I'm not using interrupts right now. The PCNT module is some specific hardware used for counting pulses... It increments a certain register without interrupting the whole system. It's pretty useful for my application as it has glitch filters built in.
https://docs.espressif.com/projects/esp-idf/en/v4.3/esp32/api-reference/peripherals/pcnt.html#

nctnico:
If the PCNT has a driver that can create a callback when an event happens, you can use esp_timer_impl_get_counter_reg() to get a 64 bit monotonic timestamp (you have to divide by 16000 to get milli-seconds on the ESP32S3).

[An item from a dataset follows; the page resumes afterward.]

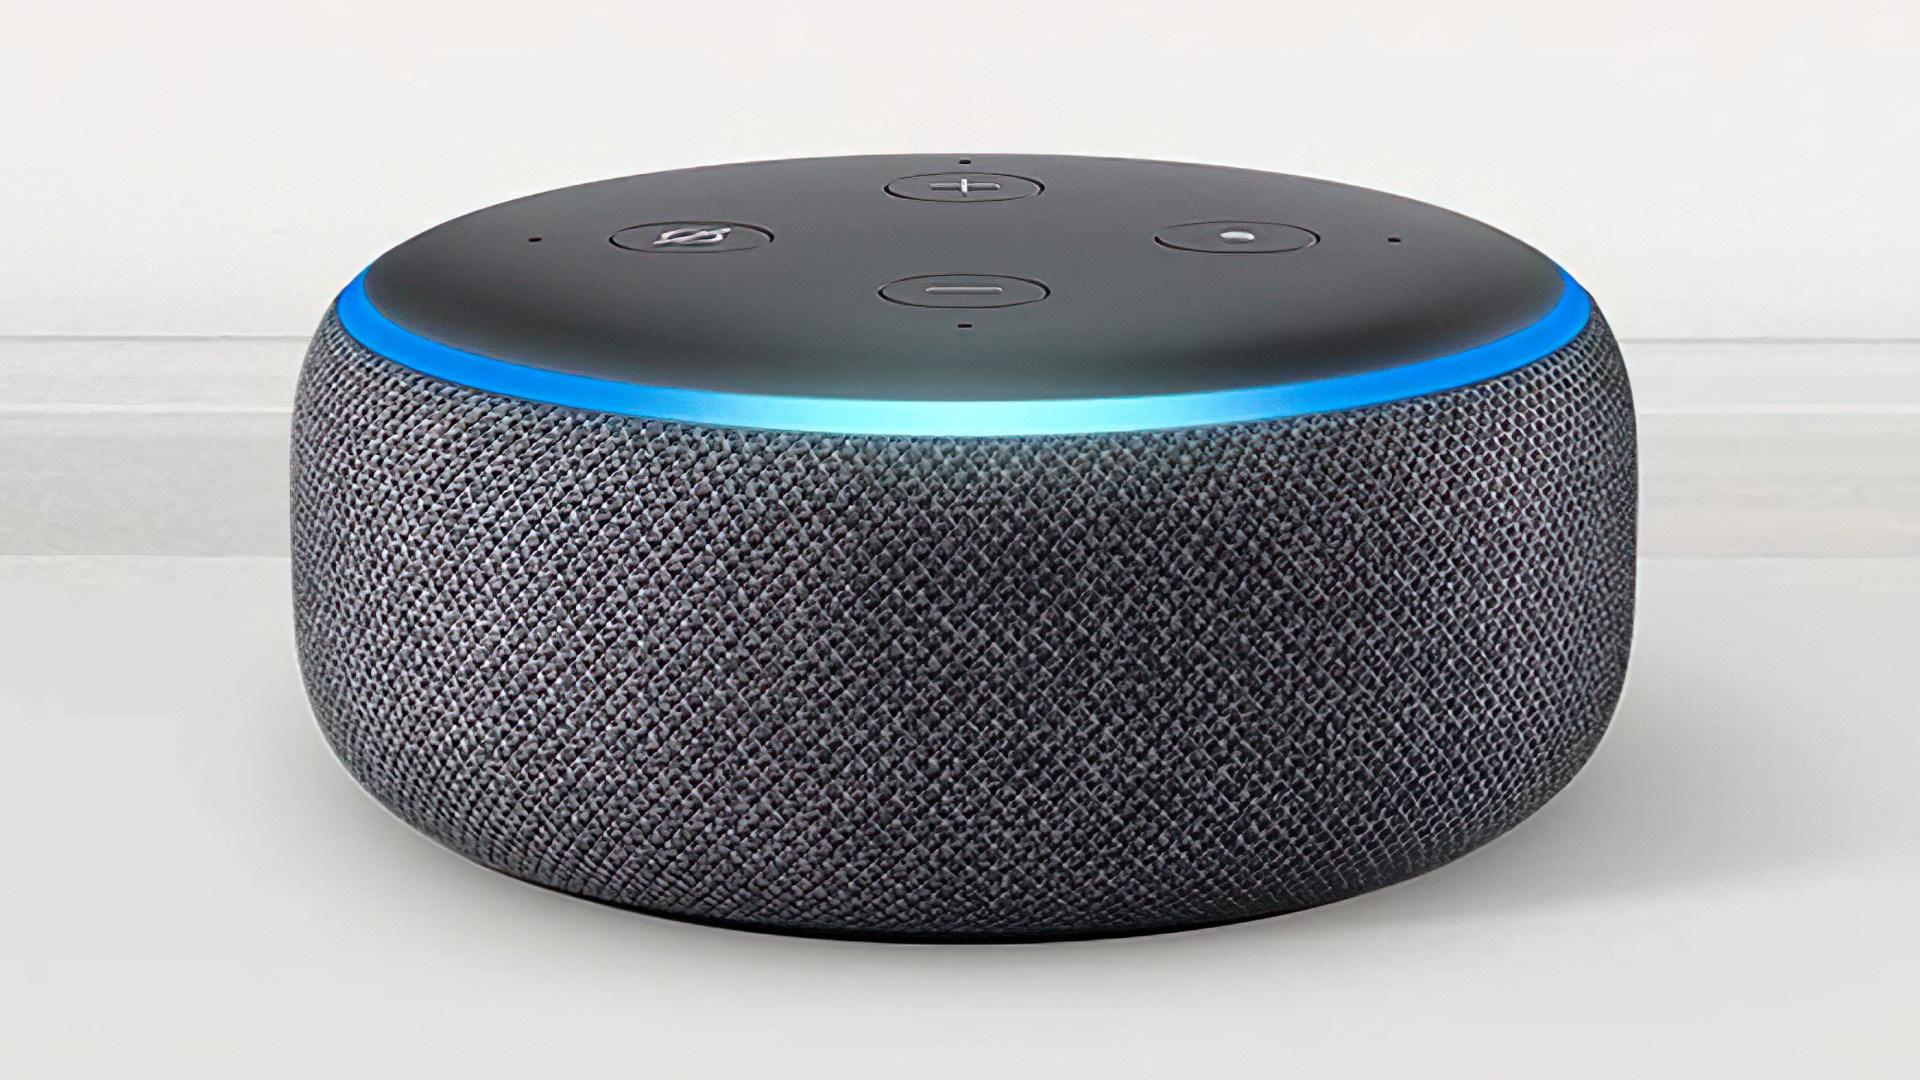 Amazon, Sprachassistent, Sprachsteuerung, Spracherkennung, Lautsprecher, Alexa, Smart Home, Amazon Echo, Echo, speaker, Smart, Echo Dot, Echo Dot 3

Another option is to use a timer interrupt callback and do polling from there: https://docs.espressif.com/projects/esp-idf/en/latest/esp32/api-reference/peripherals/gptimer.html

PlainName:

--- Quote ---I'm not using interrupts right now. The PCNT module is some specific hardware used for counting pulses...
--- End quote ---

Not used it but had a quick look at your link. Your problem isn't the counting but timestamping, and the reason you want to do that determines how you could use this. For instance, if you don't need to log every transition but could go with an average, you could get the PCNT to interrrupt after, say, 5 transitions to trigger your log task. The interrupt times would then have a better average accuracy than doing them individually (actually, it would remove jitter caused by capture resolution), but the downside is it would be an average over 200ms.

Re interrupts: I don't think you will be able to timestamp usefully unless you use interrupts but, again, it depends on why you want the timestamps. Perhaps you could expand on that?